United States Federal Income Tax Considerations. The following discussion is addressed to US holders. As used in this section, the term “US holder” means a holder of our common stock that is for United States federal income tax purposes (1) an individual citizen or resident of the United States, (2) a corporation created or organized in or under the laws of the United States, any state of the United States or the District of Columbia, (3) an estate the income of which is subject to United States federal income taxation regardless of its source, or (4) a trust if a court within the United States is able to exercise primary supervision over the administration of the trust and one or more United States persons (as defined in the Code) have the authority to control all substantial decisions of the trust, or a trust was in existence on August 20, 1996, and validly elected to continue to be treated as a United States person. This discussion deals only with the holders that hold their common stock as capital assets within the meaning of Section 1221 of the Code.
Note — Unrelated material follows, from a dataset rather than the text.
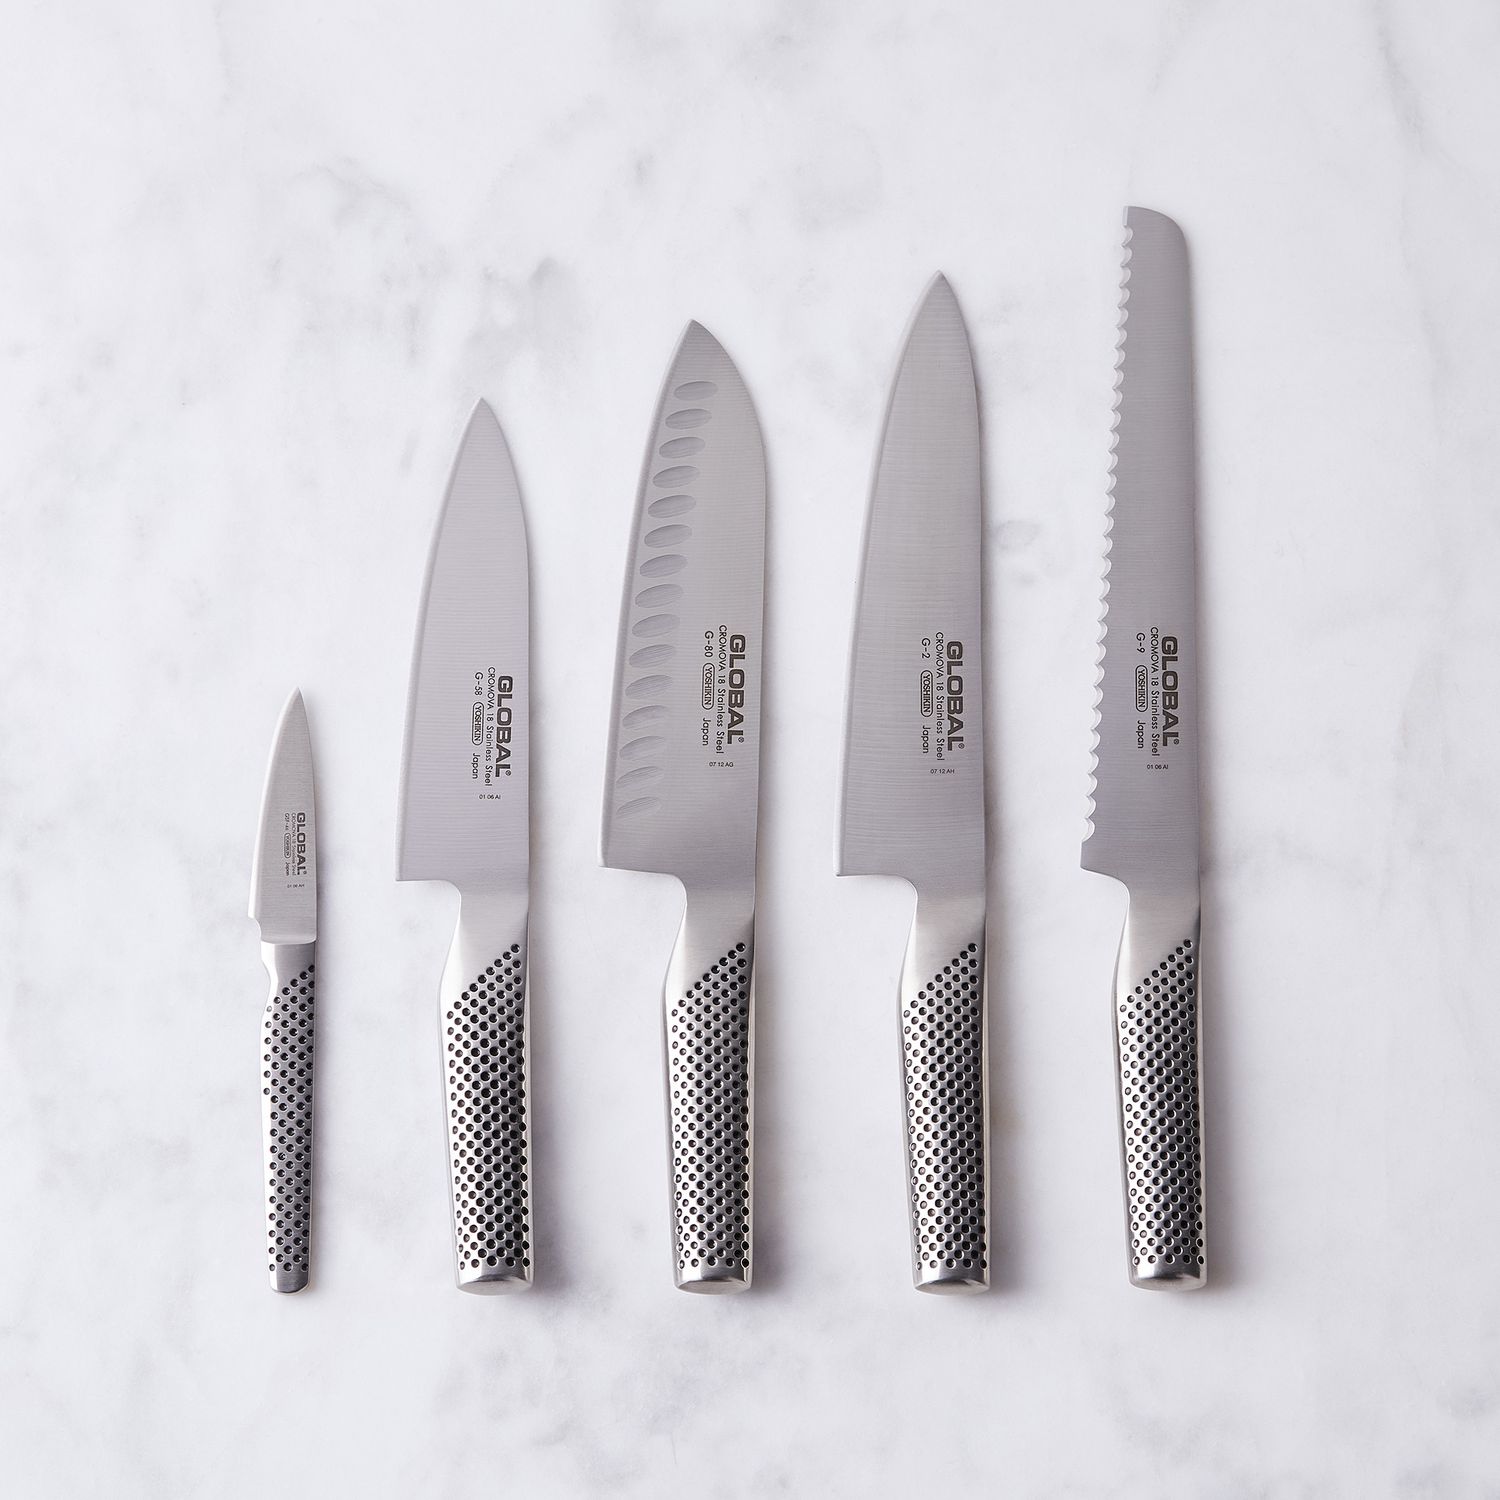  Global 4-Piece Knife Set: Home & Kitchen

The discussion does not address all aspects of United States federal income taxation that may be relevant to US holders in light of their particular circumstances, nor does it address the United States federal income tax consequences to US holders that are subject to special rules under the Code, including, but not limited to, (i) dealers or traders in securities, (ii) financial institutions, (iii) tax-exempt organizations or qualified retirement plans, (iv) insurance companies, (v) entities that are taxed under the Code as partnerships, pass-through entities or “Subchapter S Corporations”, (vi) persons or entities subject to the alternative minimum tax, (vii) persons holding common stock as a hedge or as part of a straddle, constructive sale, conversion transaction, or other risk management transaction, and (viii) holders who hold their common stock other than as a capital asset.
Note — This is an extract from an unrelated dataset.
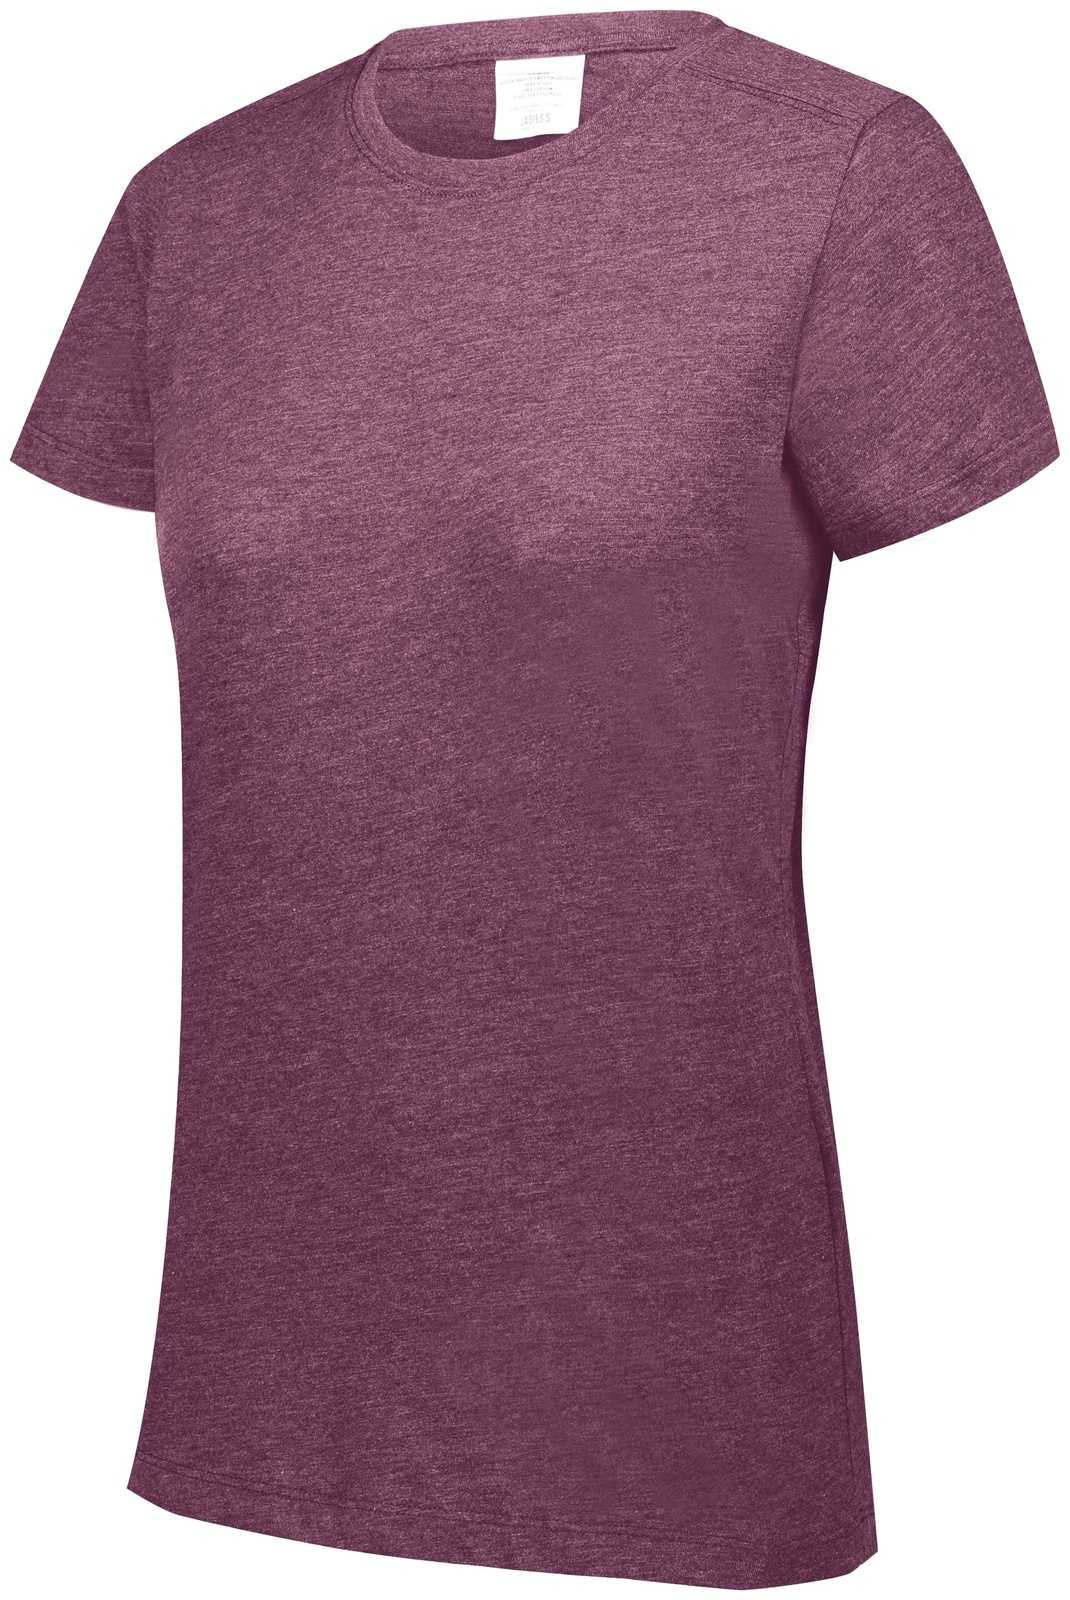 Augusta 3067 Ladies Tri-Blend T-Shirt - Maroon Heather - HIT a Double

Dividends. Subject to the discussion of the “passive foreign investment company” rules below, a US holder owning shares of common stock must generally treat the gross amount of dividends paid by us to the extent of our current and accumulated earnings and profits without reduction for the amount of Canadian withholding tax, as dividend income for United States federal income tax purposes. To the extent that distributions exceed our current or accumulated earnings and profits, they will be treated first as a tax-free return of capital, which will reduce the holder’s adjusted tax basis in his or her common stock (but not below zero), then as capital gain. The dividends generally will not be eligible for the “dividends received” deduction allowed to United States corporations. The amount of Canadian withholding tax on dividends may be available, subject to certain limitations, as a foreign tax credit or, alternatively, as a deduction (see discussion at “Foreign Tax Credit” below). In general, dividends paid by us will be treated as income from sources outside the United States if less than 25% of our gross worldwide income for the 3-year period ending with the close of our taxable year preceding the declaration date of the dividends was effectively connected with a trade or business in the United States. If 25% or more of our worldwide gross income for the 3-year testing period is effectively connected with a trade or business in the United States, then for United States federal income tax purposes our dividends will be treated as U.S. source income in the same proportion that the U.S. trade or business income bears to our total worldwide gross income. Dividends paid by us generally will be “passive income,” or in the case of certain types of taxpayers, “financial services income” for foreign tax credit purposes.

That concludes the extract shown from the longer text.